• Task directions:
Copy word for word the lines in the records below, starting at the line with "converse all star tumbled leather" and ending at the line with "Line By Line". Skip the pictures.

• Dataset content:
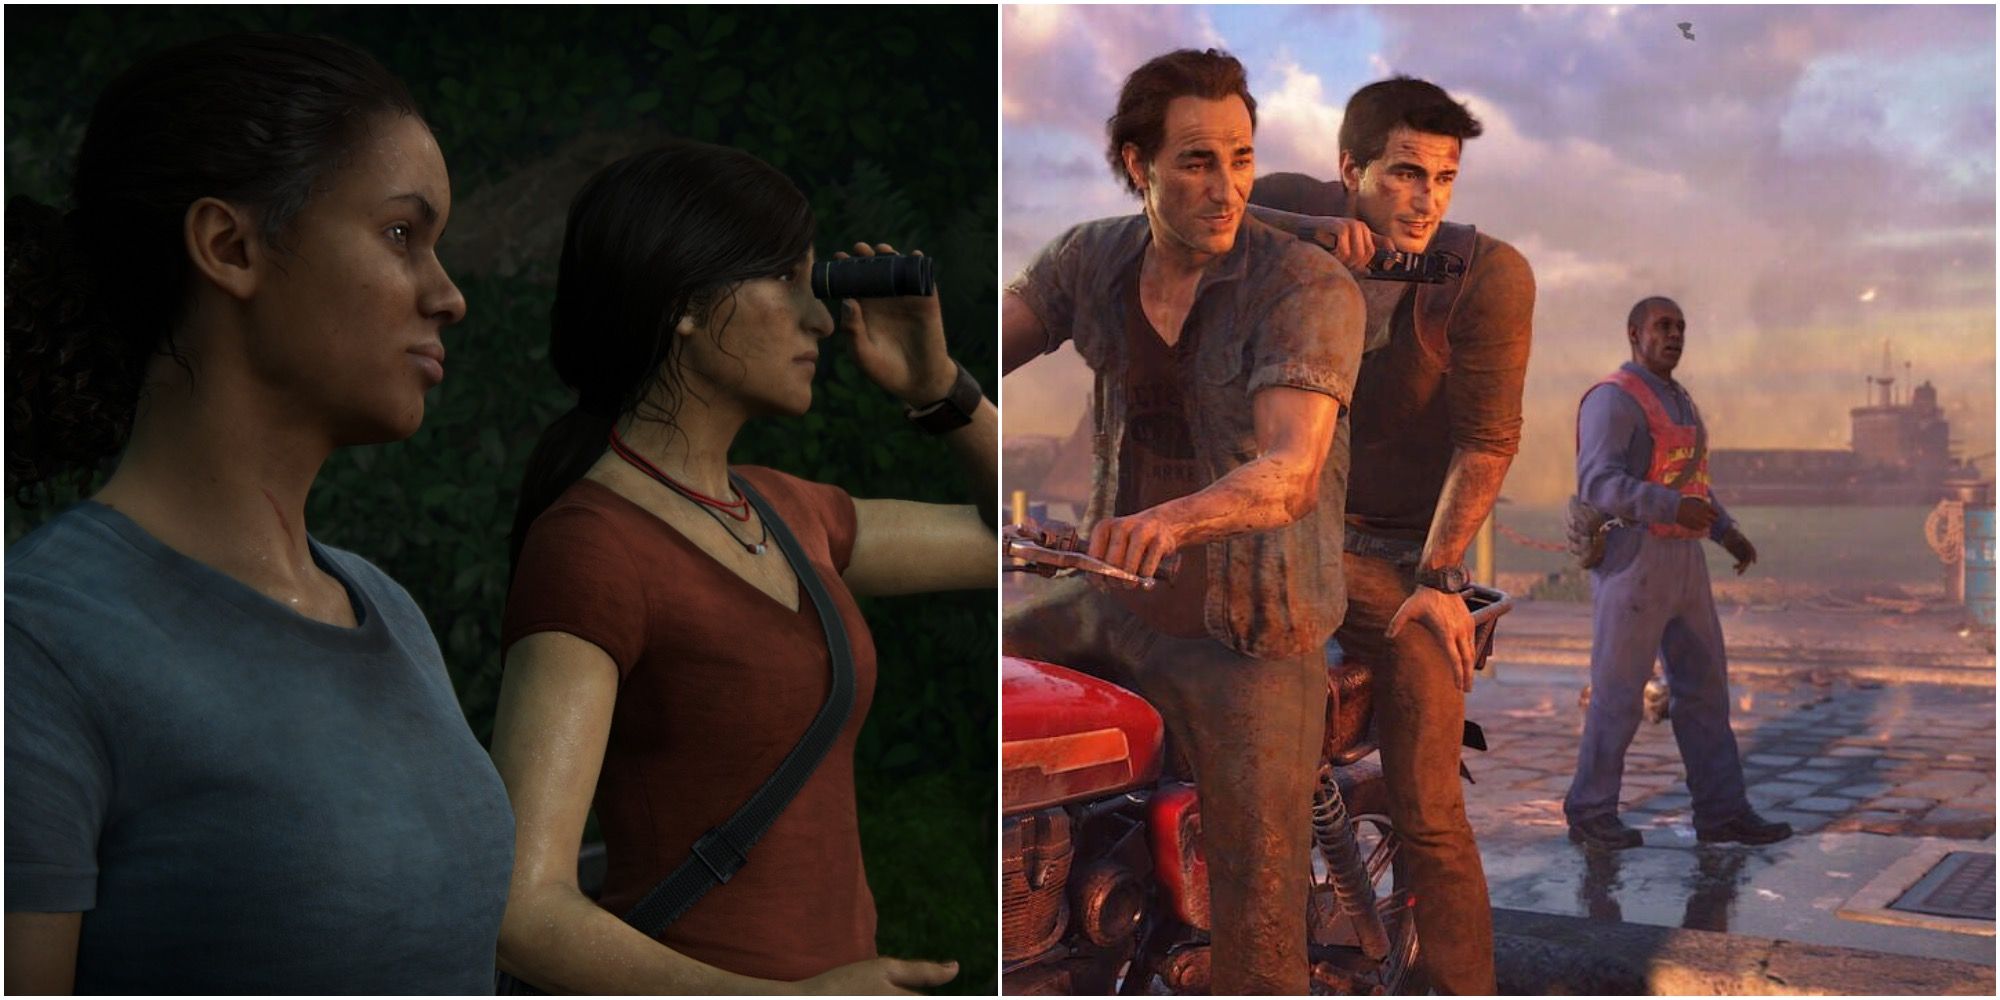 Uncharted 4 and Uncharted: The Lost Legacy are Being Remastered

---

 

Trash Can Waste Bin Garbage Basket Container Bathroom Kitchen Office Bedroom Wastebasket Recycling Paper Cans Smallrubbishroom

==

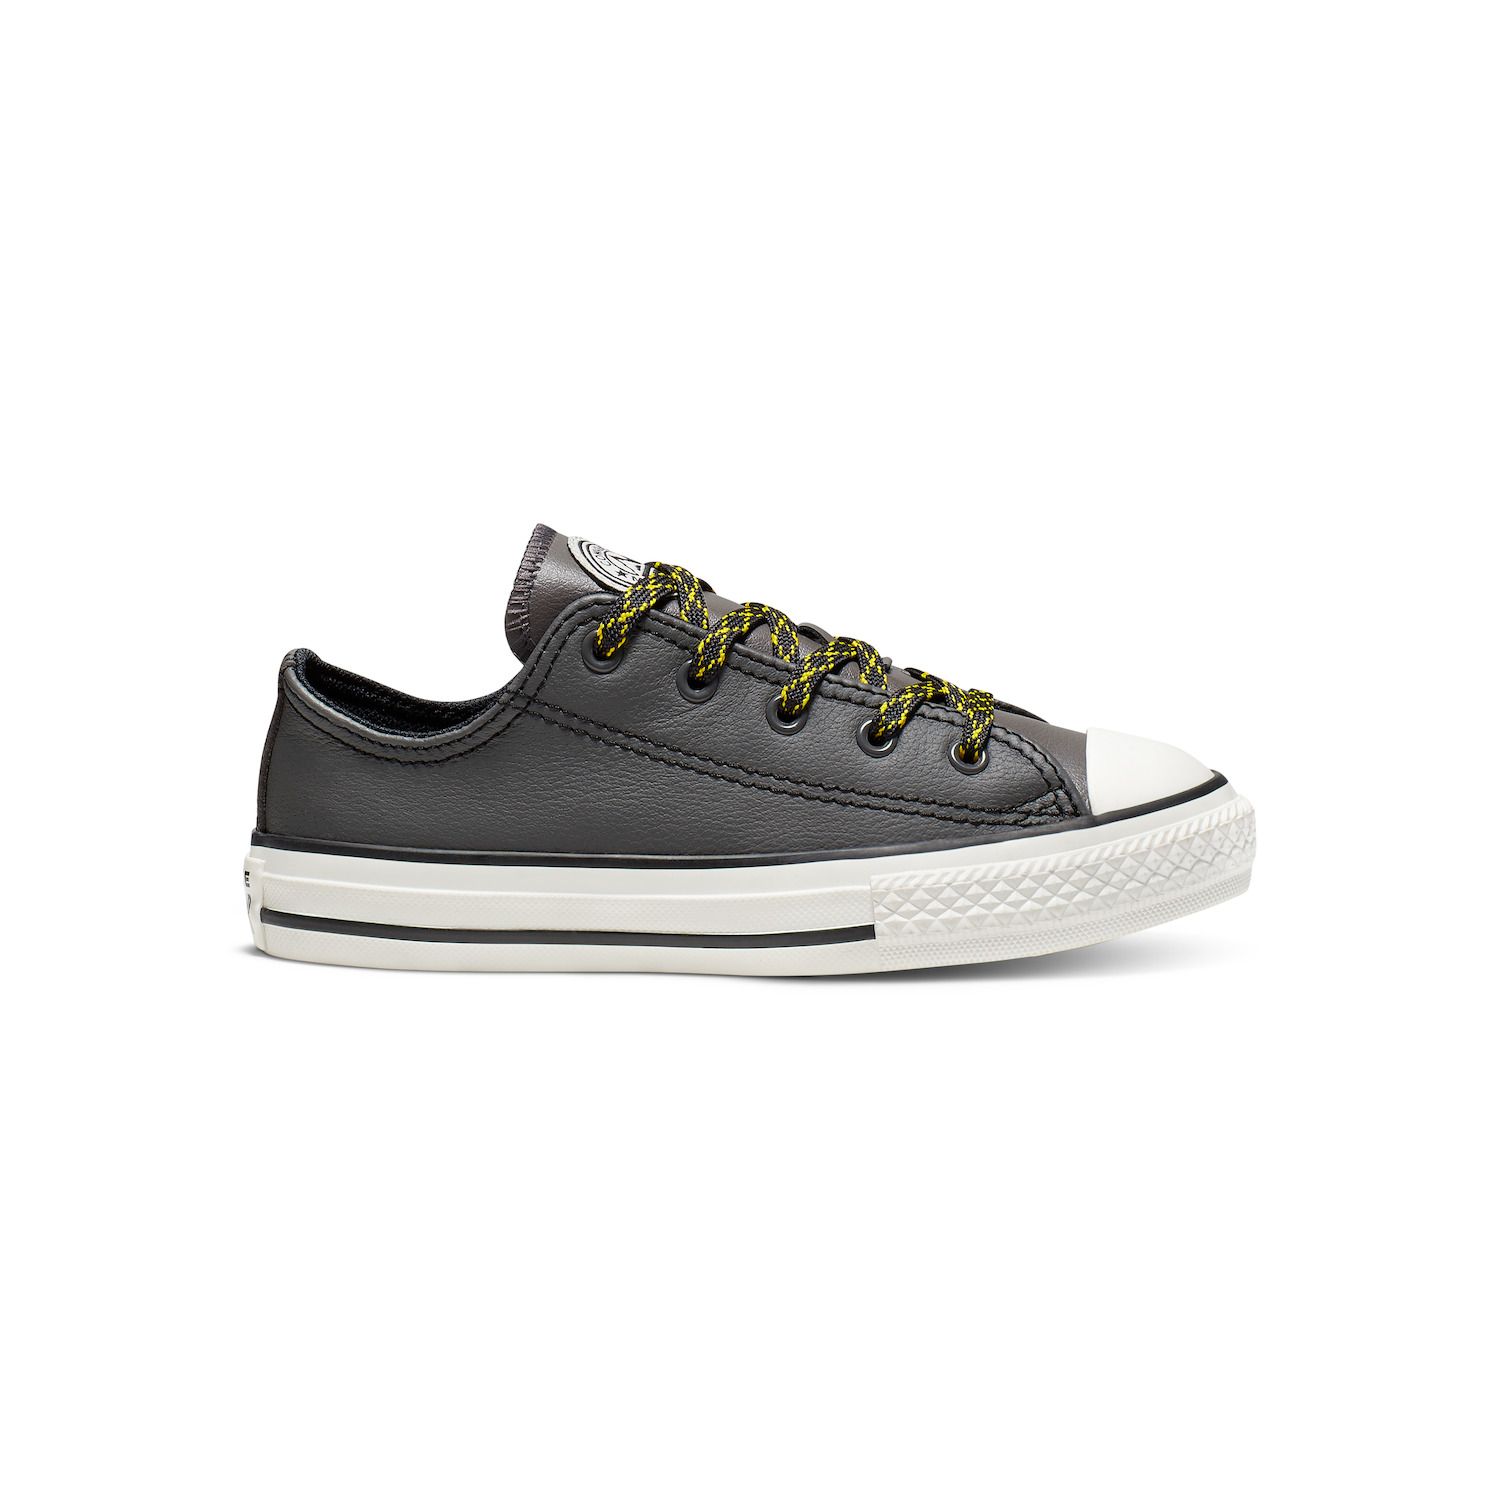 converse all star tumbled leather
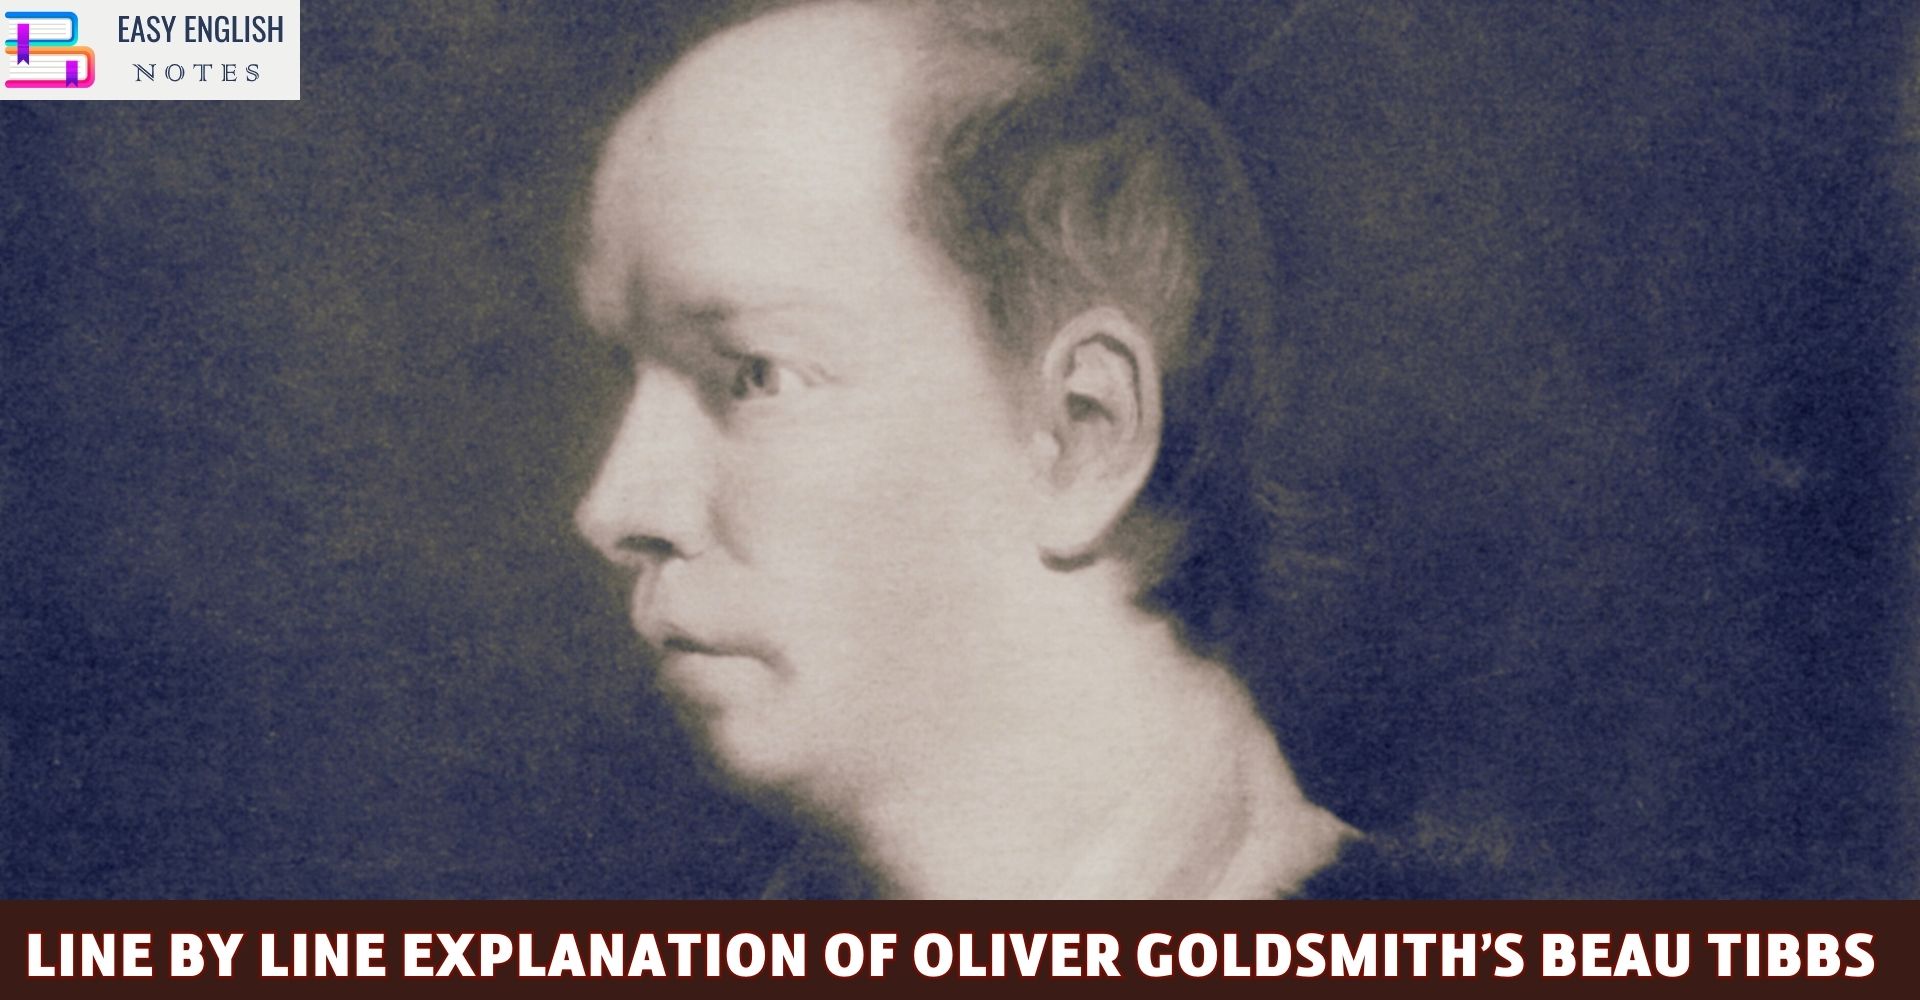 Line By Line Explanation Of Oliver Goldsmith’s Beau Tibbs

• Answer box:
 converse all star tumbled leather
 Line By Line Explanation Of Oliver Goldsmith’s Beau Tibbs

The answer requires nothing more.